#dailywritingchallenge – perseverance

This post will not be long or elegant as it is built out of frustration.

I don’t know if I have mentioned previously how impressed I have been the past 6 weeks with the leadership at my school and our approach to remote learning…well I have. We have had our difficulties this year but I felt that things have been on the up. This changed yesterday.

We, the Primary staff, received an email at 3pm from our head telling us that from today we would be rolling out a new timetable including 4 hours of live instruction for EYFS and KS1 children due to the feedback from around 100 parents deciding whether to pay their fees or not. This is was a huge shift compared to what we had been doing and was made for the few not the many.

Living abroad , working in a new school requires perseverance at the best of times. Not only do you need to adapt to the new culture but you also need to hit the ground running in class because there is no safety net. The last 8 months have made me think a lot about what makes good teaching, learning and leadership and whilst I can safely say it hasn’t been my favourite period it has helped me gain confidence as a teacher.

Today has been full of emotion, from me and my colleagues. I have drafted so many emails I would like to send but shouldn’t. I have had a phone call with the head following my comments on a live staff chat and I have had another phone call with colleague who is here on her own while the rest of her family are on the front line in the UK because of their roles in society. Mental health is on a knife edge for many.

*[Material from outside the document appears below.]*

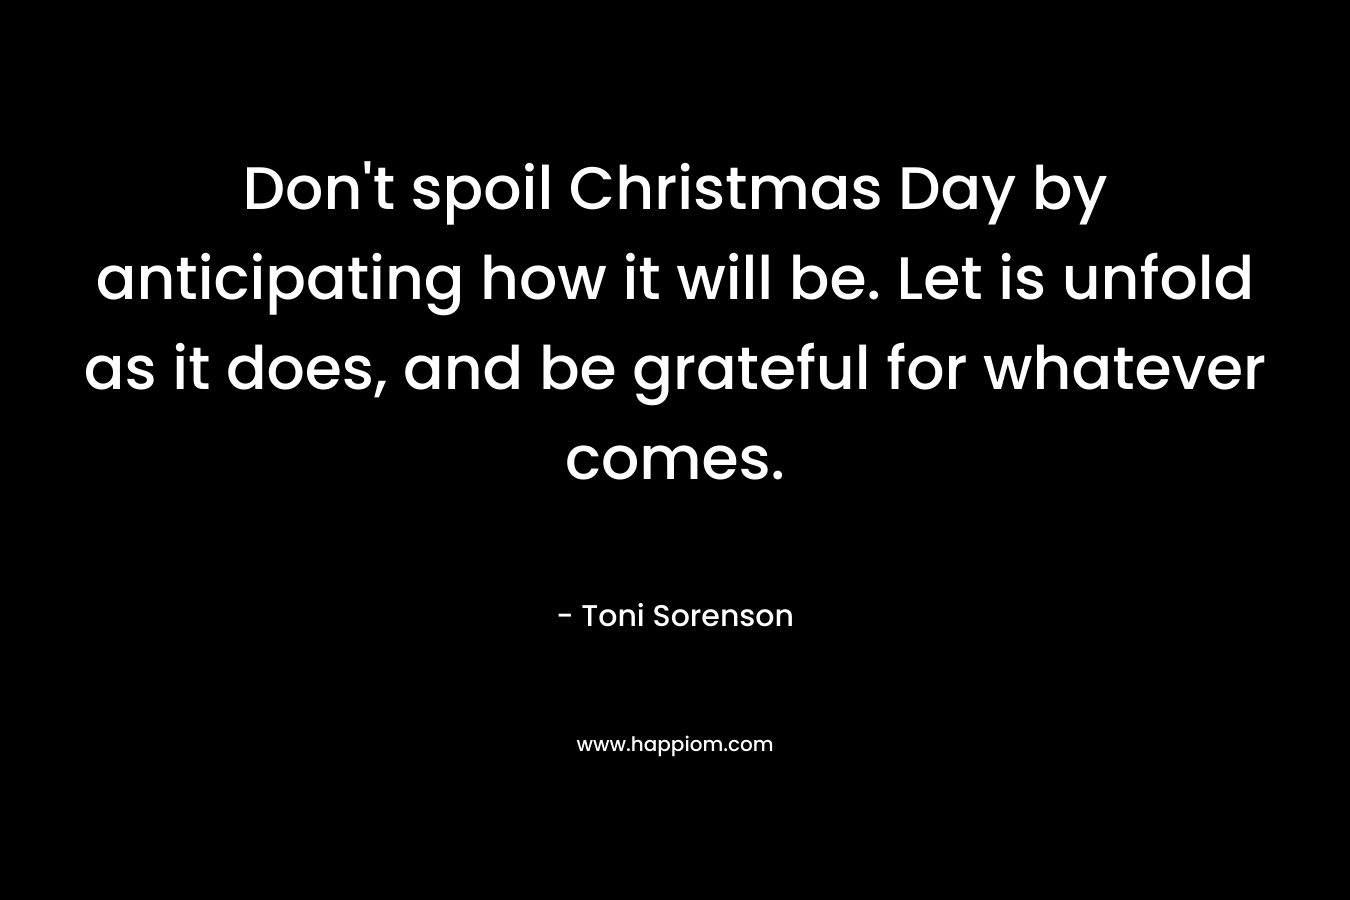 Don't spoil Christmas Day by anticipating how it will be. Let is unfold as it does, and be grateful for whatever comes.
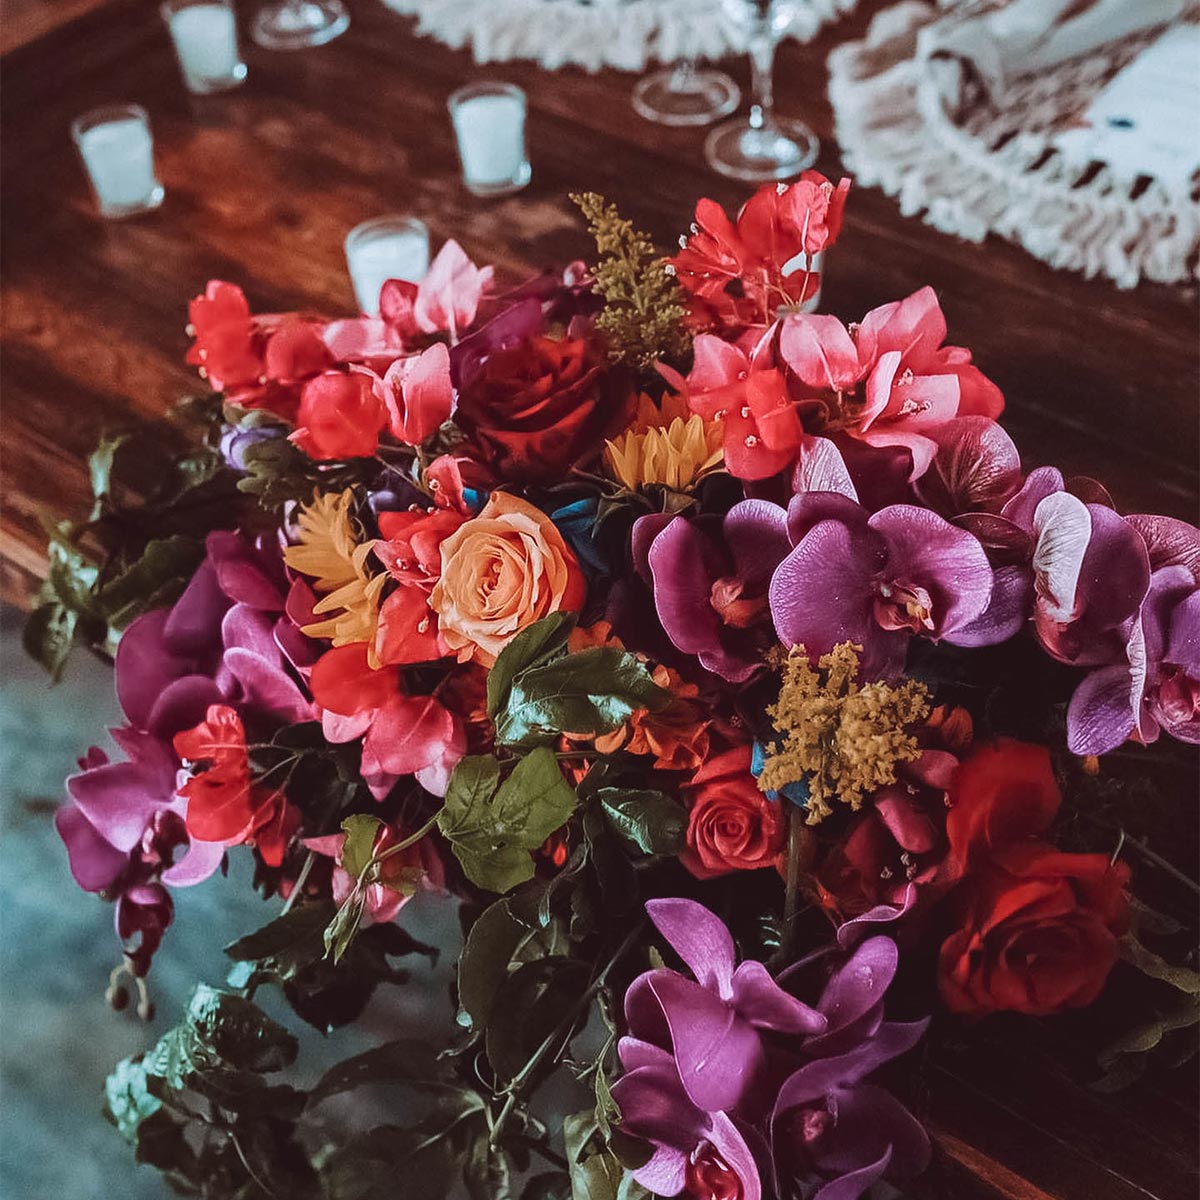 Vibrant floral arrangement with purple orchids, red and pink roses, and greenery on a wooden table set with glasses and candles. Weddings at Fabulous Flowers and Gifts.

Teaching requires a lot of perseverance. It is a quality of many of us that we keep going and get the job done. Sadly it is also this quality that has led to thousands of colleagues having to be ‘on rota’ in schools in the UK without adequate protection or support. It is also this fact that means that school owners of private schools can abuse the devotion we have to our work.

I am fuming right now but I will persevere. My students still need me and whilst I will continue to have professional discussions outside of the ‘classroom’ I will still come through for them…but in a way that puts their needs first.